Great star show this evening in the western sky

Break out those tripods, the weather is nice and the sky is putting on a show. If you are the type who has to have a photo of everything (and you know who you are) you can take pictures of the night sky with an average camera — and a little thought to technique.

Sure, it helps to have a crazy long lens or shoot through a telescope. It is nice to have a motorized tripod, which allows you to follow one star and take long exposures. Hey, it would be nice to own your own island too, right?

But, I suspect most of us are more on the level of going up the parkway, finding a dark place and watching the show, at least I am. So let us stick to reality on this one.

I am assuming a basic understanding of photography terms and items here.

First, find what you want to shoot.
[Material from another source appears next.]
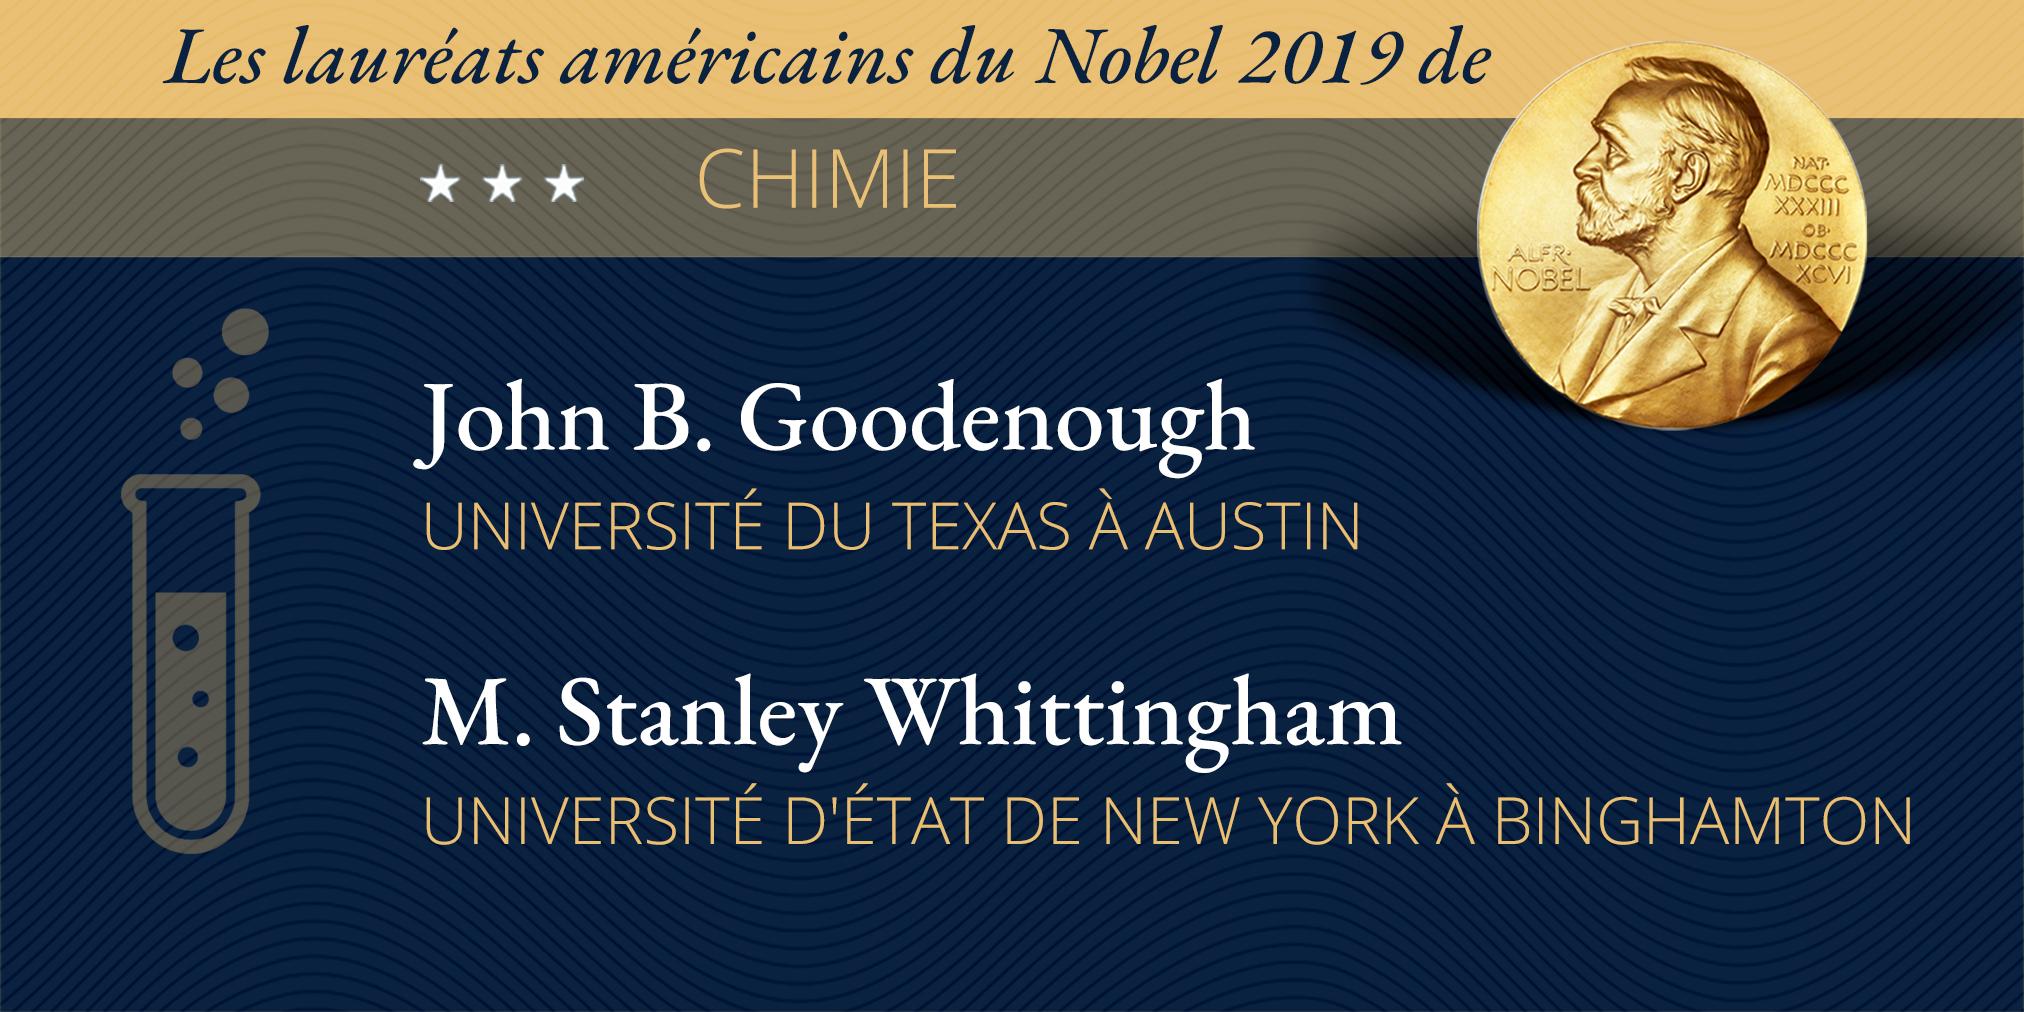 Infographie indiquant le nom des deux lauréats américains du prix Nobel 2019 en chimie

Tonight’s sky offers several really bright items close together, that makes it more interesting than normal. Take a look at this sky map.

If you can find the moon in the evening sky, you should see the other objects easily with your eyes.

From EarthSky.org,

After sunset today (March 26, 2012), watch for the waxing crescent moon – a thicker crescent tonight than last night – near the dazzling planet Venus in the west. You can’t miss them, because Venus is the brightest object in the sky after the sun and moon. Plus Venus is only one day away from its greatest elongation – its greatest distance from the sun on our sky’s dome. And there’s more. The planet Jupiter, the fourth-brightest celestial object in all the heavens, beams below Venus and the moon. The celebrated Pleiades star cluster glimmers a short hop above. Amazing view! Don’t miss it.
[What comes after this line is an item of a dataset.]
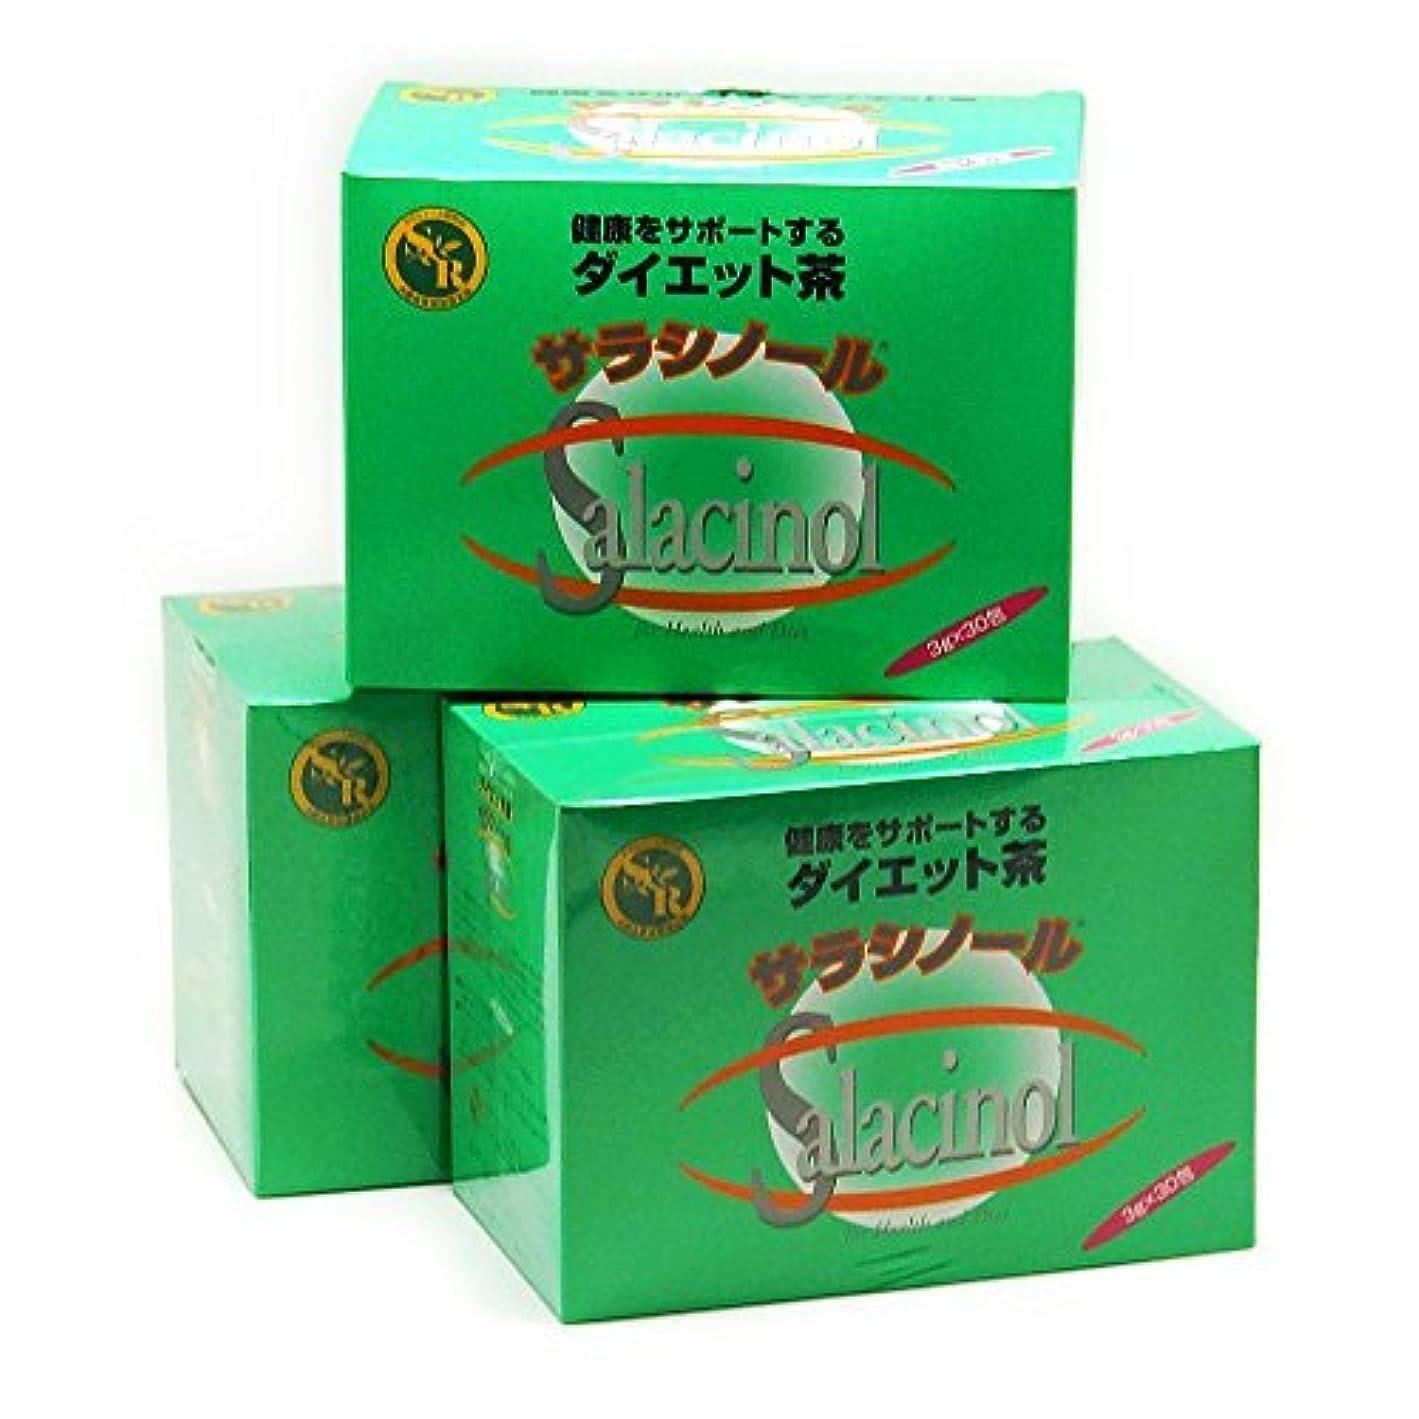 スタックチャレンジものサラシノール茶3g×30包(ティーバック)3箱

Now, let’s take a look at what that might look like through a 50mm lens. I used a tripod and exposed for 8 seconds at f11 with an ISO of 1600 for this. I like to use ASA1600 for sky photos, but not all cameras can keep the colors right at that speed. Experiment with your camera to see what works.

TIPS: Get a tripod and make sure it is stable. Mount your camera on it securely, and don’t trip on it while the shutter is open. Set your camera to Manual (if it has it) and experiment with ISO’s and shutter lengths to see what works best for you.